Le pianure interiori di Gerald Murnane

DI VANNI CAPOCCIA

 

Di Gerald Murnane ignoravo l’esistenza. Poi ho letto che per scrittori del calibro di Coetze e Ben Lerner era scrittore oggetto di culto, che non metteva il naso fuori dallo stato australiano dove viveva, che i suoi libri non erano praticamente usciti dall’Australia e che, nonostante questo, era considerato un aspirante al Nobel per la letteratura.

Tutto questo, più il fatto che il suo libro più noto era edito in Italia da Safarà, piccola e quindi coraggiosa casa editrice, e una bella copertina che mi ha ricordato quelle stupende che Heiri Steiner disegnò per i tascabili Feltrinelli m’hanno invogliato alla lettura de “Le pianure”.
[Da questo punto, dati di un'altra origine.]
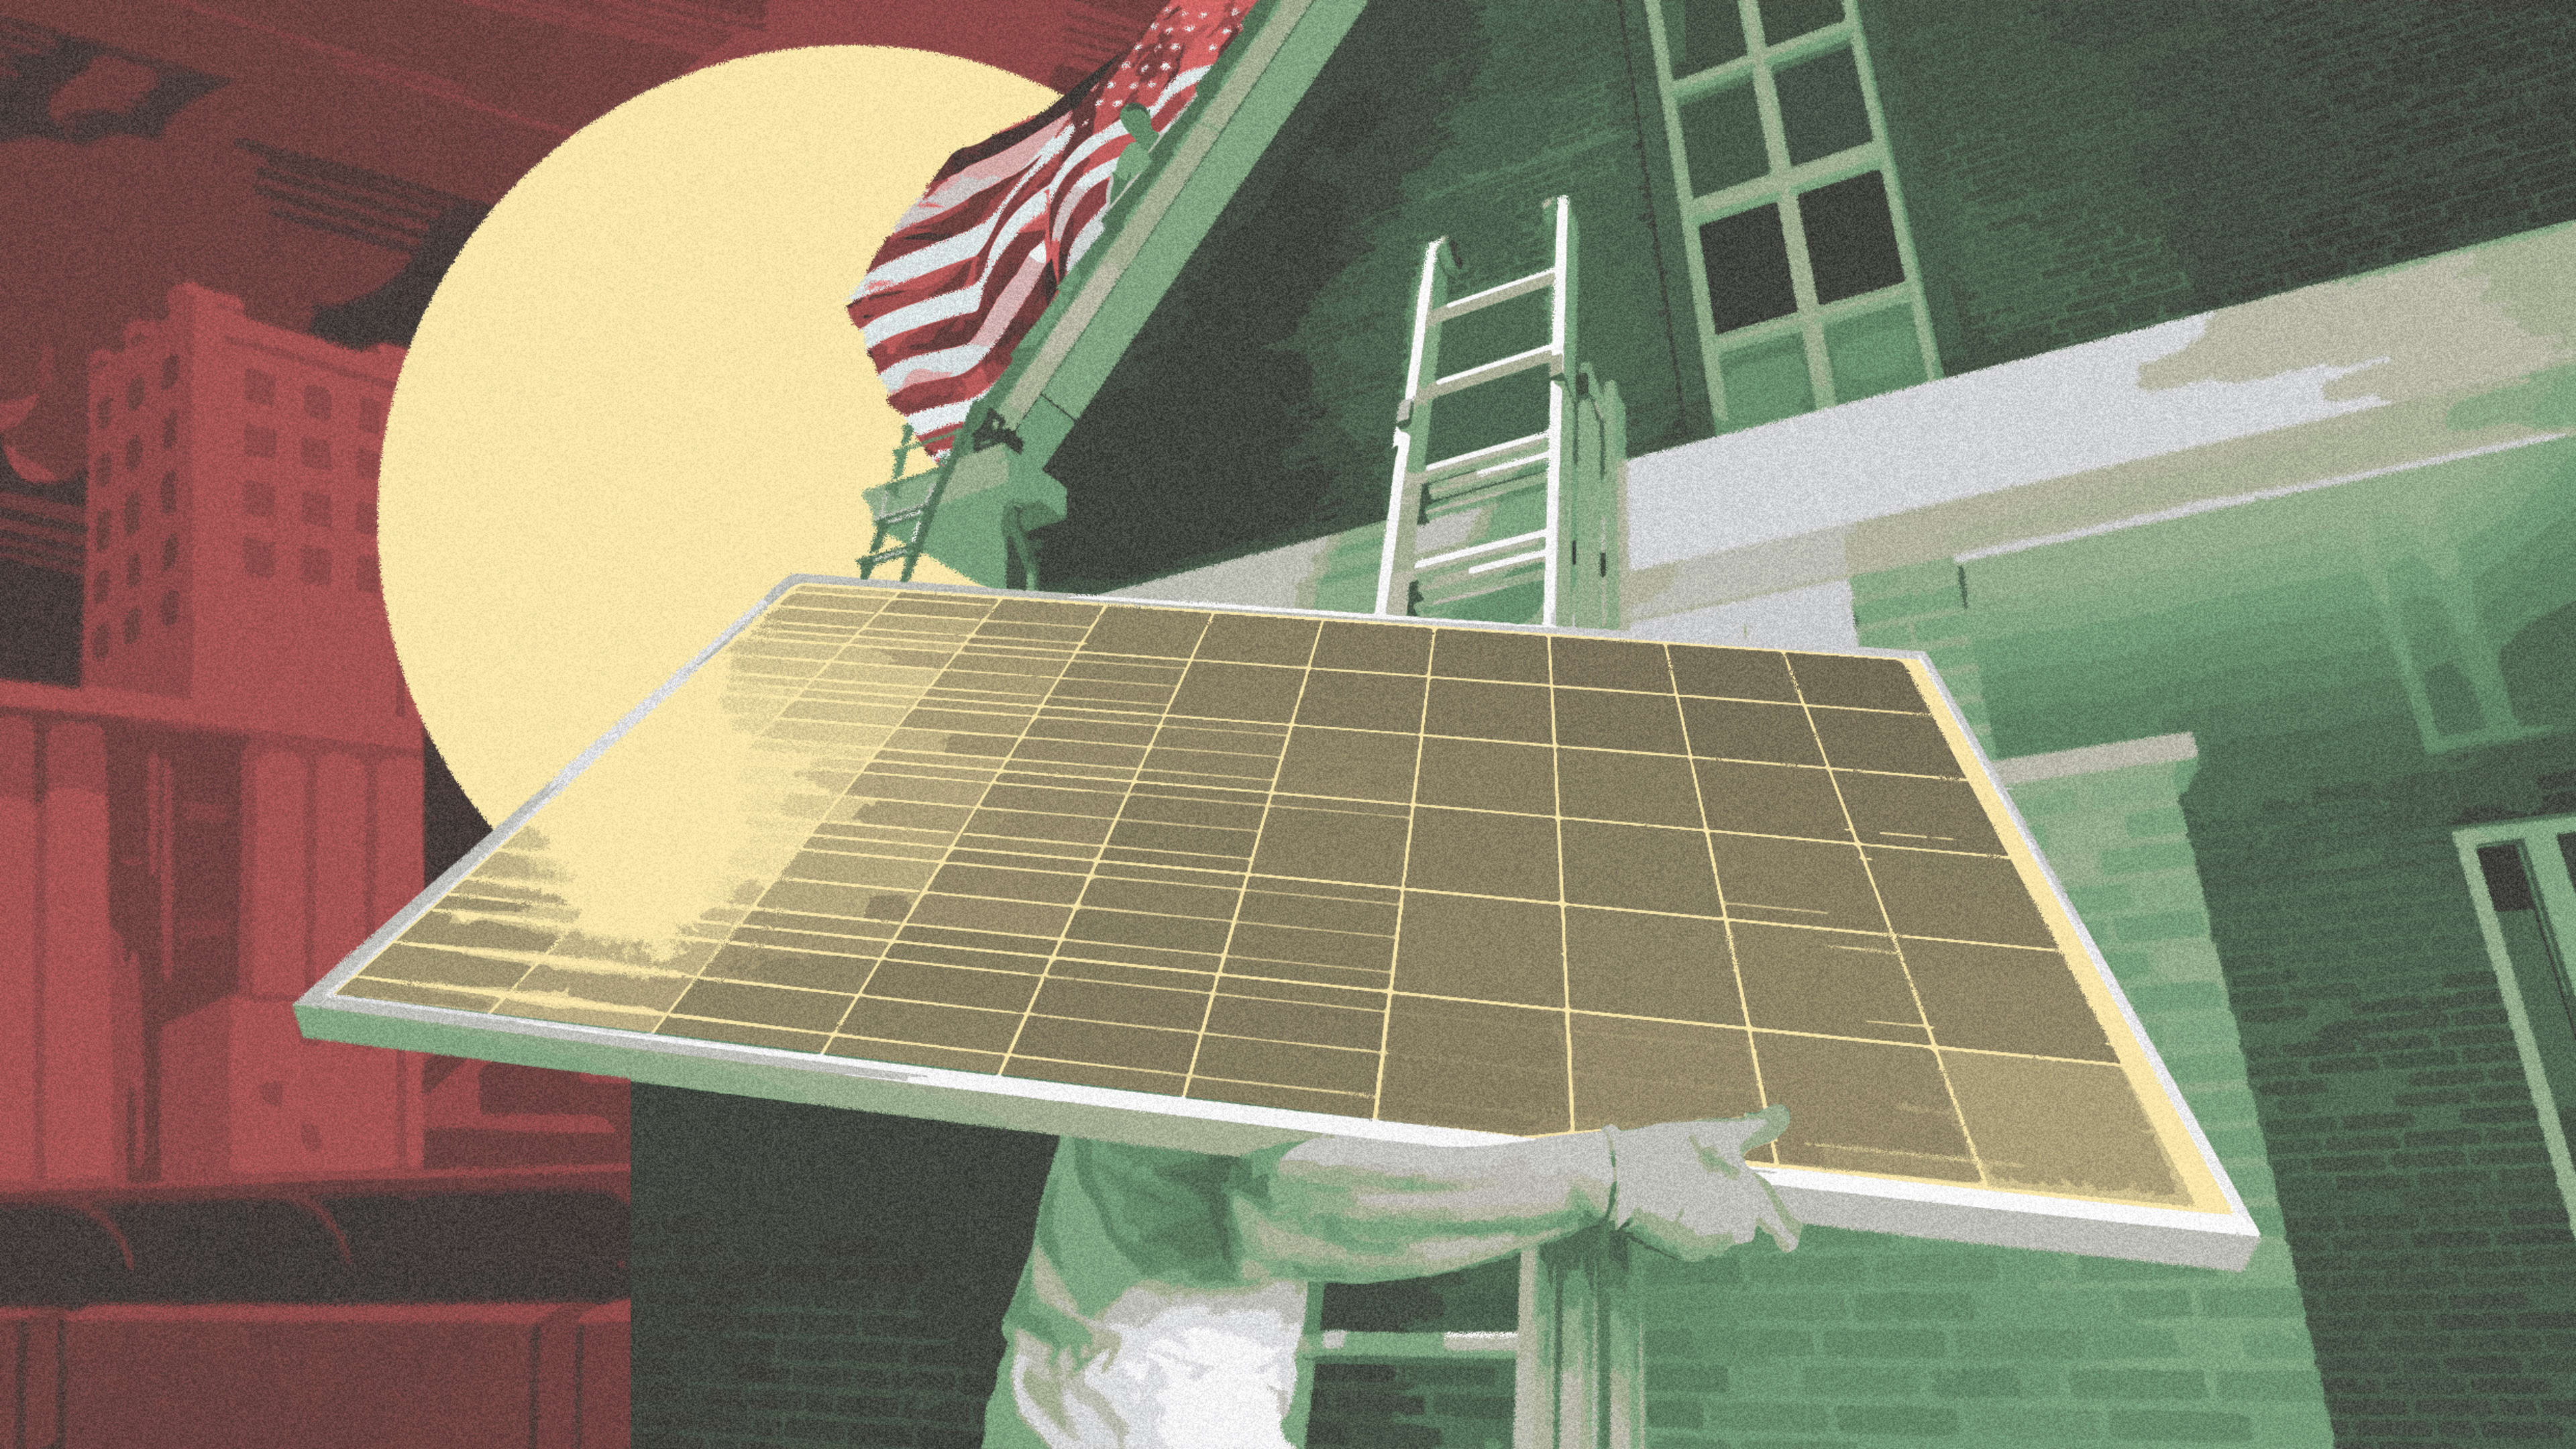 The Green New Deal could change the way America builds—here’s how

Una storia apparentemente piatta come le pianure che la circondano. Il cielo è “privo di ostacoli” e come mancano ostacoli non c’è alcun contesto. Tutto è vago: non c’è un tempo specifico, i personaggi non hanno nome ma sono “gli abitanti delle pianure”, una “giovane donna”, “i latifondisti” strani mecenati che finanziano progetti inconcludenti come quello del “regista” che si perde nel consultare un’immensa malinconica biblioteca alla ricerca d’una sceneggiatura per un film che non parte mai.

Poco più di cento pagine, avendo dopo poche di esse la sensazione che avrei chiuso “Le pianure” prima di finirlo mettendolo tra i libri inutili.

Invece restavo lì, attaccato a quelle pianure che pagina dopo pagina si trasformavano in un paesaggio interiore, un terreno misterioso e inesplicabile.

Un romanzo senza storia che diventa un poema. Pianure che diventano un mondo remoto. Una lettura che diventa un percorso interiore scrutabile solo quando, come farà il regista, si decide che distinguibile è solo il buio e “invisibile è solo ciò che è troppo illuminato”.